When he was finally pushed into full-blown narcissistic collapse — those final days that Armin spent with him — he succumbed to the fate of many severe narcissists who experience a failure so undeniable that it provokes full-blown narcissistic collapse: he killed his wife and then turned the gun on himself.
In the final stages of narcissistic collapse, long before suicide becomes an option, first comes the blaming and the attempts to punish others.
We see this now with Trump blaming the media, the courts, and the Democrats he now openly brags that he “hates” and encourages his cult followers to hate as well.
Historians and political scientists have long warned us about men like Trump. In Strongmenand on her Lucid Substack newsletter, Ruth Ben-Ghiat traces the path of authoritarians like Mussolini, Putin, and Trump: they all consistently cultivate a cult of personality, demonize opponents, destroy the press, capture the courts, collaborate with oligarchs, and use violence as a political tool.
Trump has followed that playbook to the letter.
Jason Stanley, in How Fascism Worksand on his Forward Substack, identifies Trump’s tactics: appeals to a mythic past, relentless lying, glorification of violence, and the creation of a “victim” identity for the dominant group. Steven Hassan, one of America’s foremost experts on cults, calls Trumpism a “destructive political cult” in his book The Cult of Trump and on his Substack newsletter Freedom of Mind.
These aren’t wild theories. They’re the sober assessments of professional scholars and historians who’ve studied how democracies fall and how cults rise.
It’s easy to see Jones’ Kool-Aid as the symbol of his evil, but let’s not forget: Trump’s lies have already cost real lives.
His downplaying of COVID, his undermining of vaccines and masks, his promotion of quack cures like hydroxychloroquine and bleach weren’t just irresponsible: they were deadly.

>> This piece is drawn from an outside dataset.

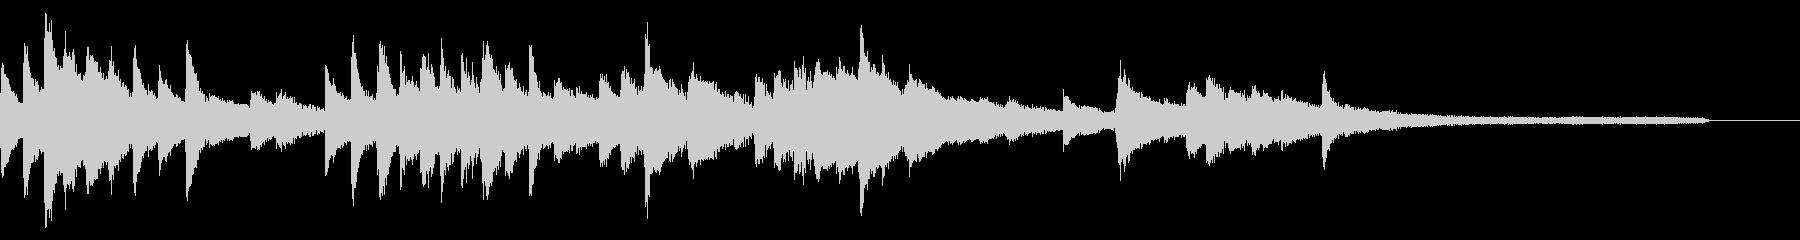 切ない和風ジングル26-ピアノソロの未再生の波形

Hundreds of thousands of Americans would be alive today if Trump hadn’t turned public health into a culture war battlefield.
And now, his Big Lies about the election and the “deep state” are poisoning faith in our democracy itself. In poll after poll, a majority of Republicans say they believe Trump won in 2020. They believe it so deeply that they’re passing laws to suppress votes, installing loyalists to oversee elections, and preparing to reject any future result that doesn’t favor their Dear Leader. The poison is spreading and fast.
So what comes next?
Jim Jones didn’t start out plotting mass suicide. He got there one lie, one power grab, one act of cruelty at a time. Trump’s path is no different. His first term tested the boundaries. His second is breaking them.
Already, Trump openly promised dictatorship “on day one.” He’s already pursuing “retribution,” purging the government, and rounding up immigrants into camps. He’s gutted the civil service, weaponized the justice department, and is today using the military for domestic crackdowns.
This isn’t hyperbole. It’s all on the record. And it’s what happens when a cult leader gains the reins of state power, as the world has seen repeatedly throughout history.
We don’t have to follow Trump into the abyss. We can refuse the poison. We can choose the hard work of repairing our democracy, telling the truth, and holding this would-be strongman accountable.
But time is short. The cult is deep, and its leader is relentless.
History tells us where this path ends. Jonestown. Berlin 1933. Rome in 1922. Moscow in 2020. The question is whether we have the courage to change course before it’s too late.
Trump may not have led us into a jungle, but he has led millions into a psychological wilderness, where lies are truth, enemies are everywhere, and only he can lead the way out. Jim Jones led his people to destruction, all in the name of salvation. Trump is leading America down the same road.
We must say no. We must tell the truth. And we must do it now.